Class on Solzhenitsyn's Fiction to Be Taught at University of Vermont During Fall 2018 Semester
/Professor Kevin J. McKenna, a professor in the Department of German and Russian at the University of Vermont, plans to teach a semester-long course devoted to the fiction writing of Aleksandr Solzhenitsyn.
The course description, provided by the department:
"Often compared both to Fyodor Dostoevsky as well as Leo Tolstoy, the fiction of Aleksandr Solzhenitsyn was awarded the Nobel Prize in Literature in 1970. His works remain to this day so central to Russian literary culture that in 2006 Russian national television named them, along with Dostoevsky’s Crime and Punishment and Tolstoy’s Anna Karenina, as the major national literary achievements in Russian fiction. In 2011, Time Magazine described Solzhenitsyn’s literary works as the main artistic achievements of the 20th century. To this day Solzhenitsyn’s writings are credited with exposing and “bringing down” the Soviet Union.

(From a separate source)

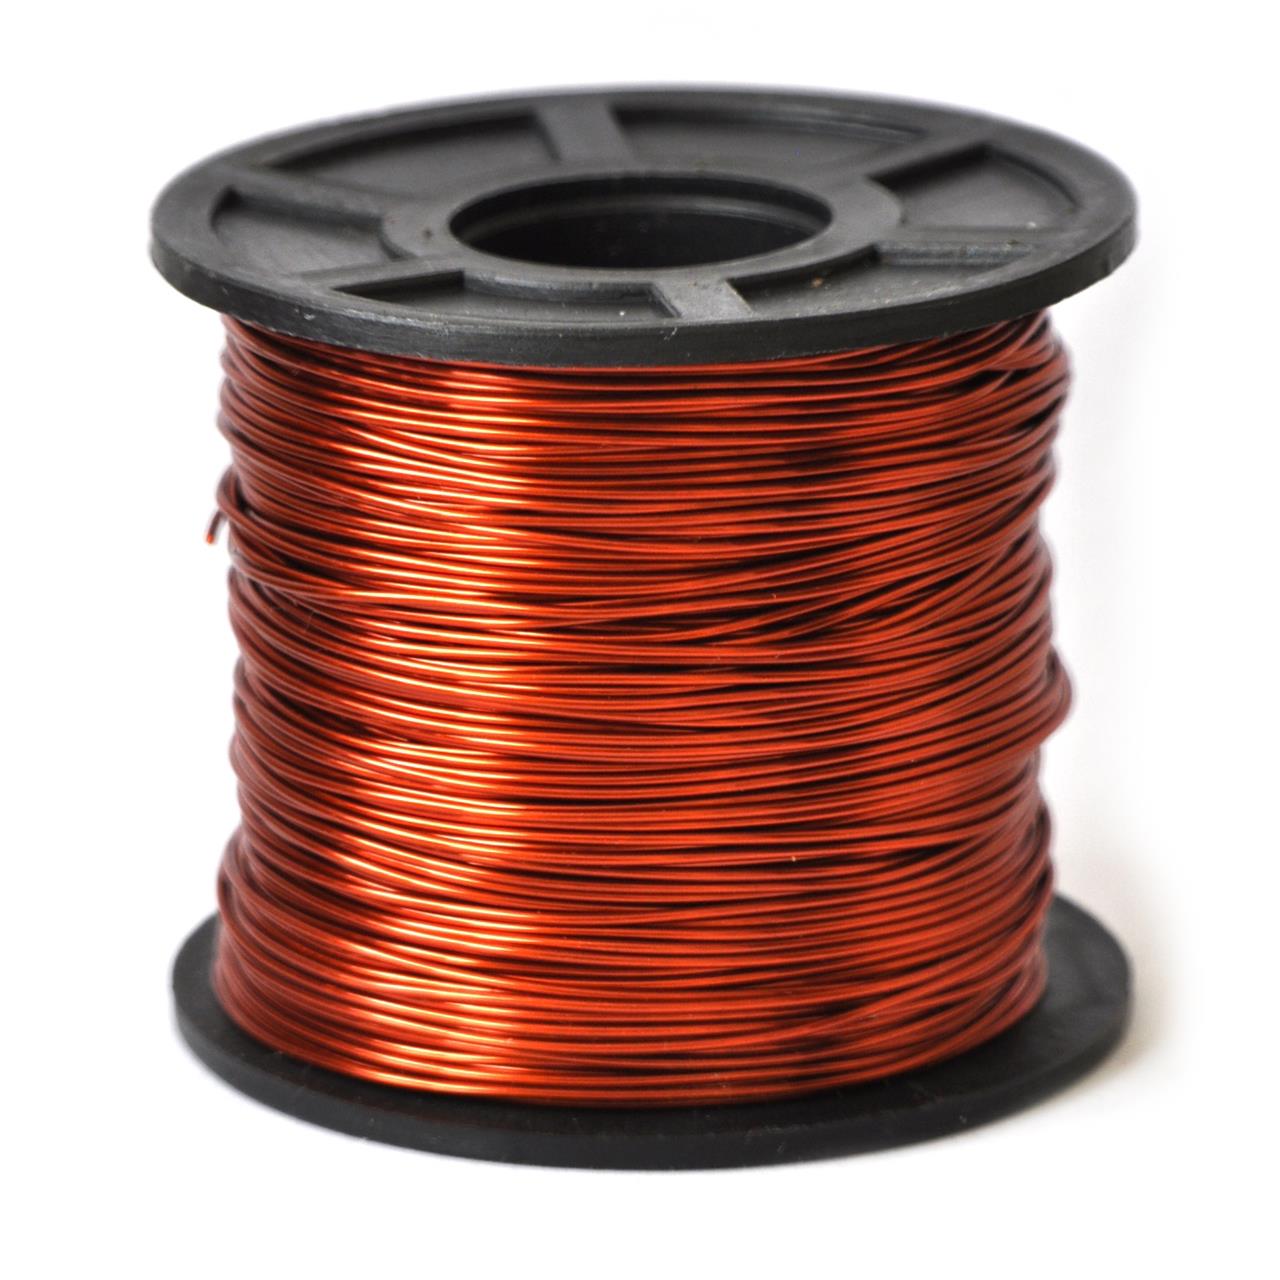 Fios de cobre esmaltados para bobinas, transformadores e indutores - Fio 20 AWG 500g

The primary goal of this World Lit. 018/118 course will be to derive an understanding of the interplay between 20th-century history, society, and art as depicted in the fictional universe of Aleksandr Solzhenitsyn’s novels, Cancer Ward) and In the First Circle). Closely related in theme, style and substance to the novels, his short story “Matryona’s House” and novella One Day in the Life of Ivan Denisovich will complete the reading list for this course. At all points of contact with Solzhenitsyn’s fiction one cannot help but pose one of Tolstoy’s original questions: “By what do we [humans] live/ Чем мы живём” and the 20th-century Soviet-era correlation “how does one survive with his/her conscience intact?” To better understand why a literary giant like Solzhenitsyn could not publish his fiction in his own country, this course will also consider the major philosophical, ethical and political constructs of Soviet “socialist realism” as practiced in the USSR in the 20th century."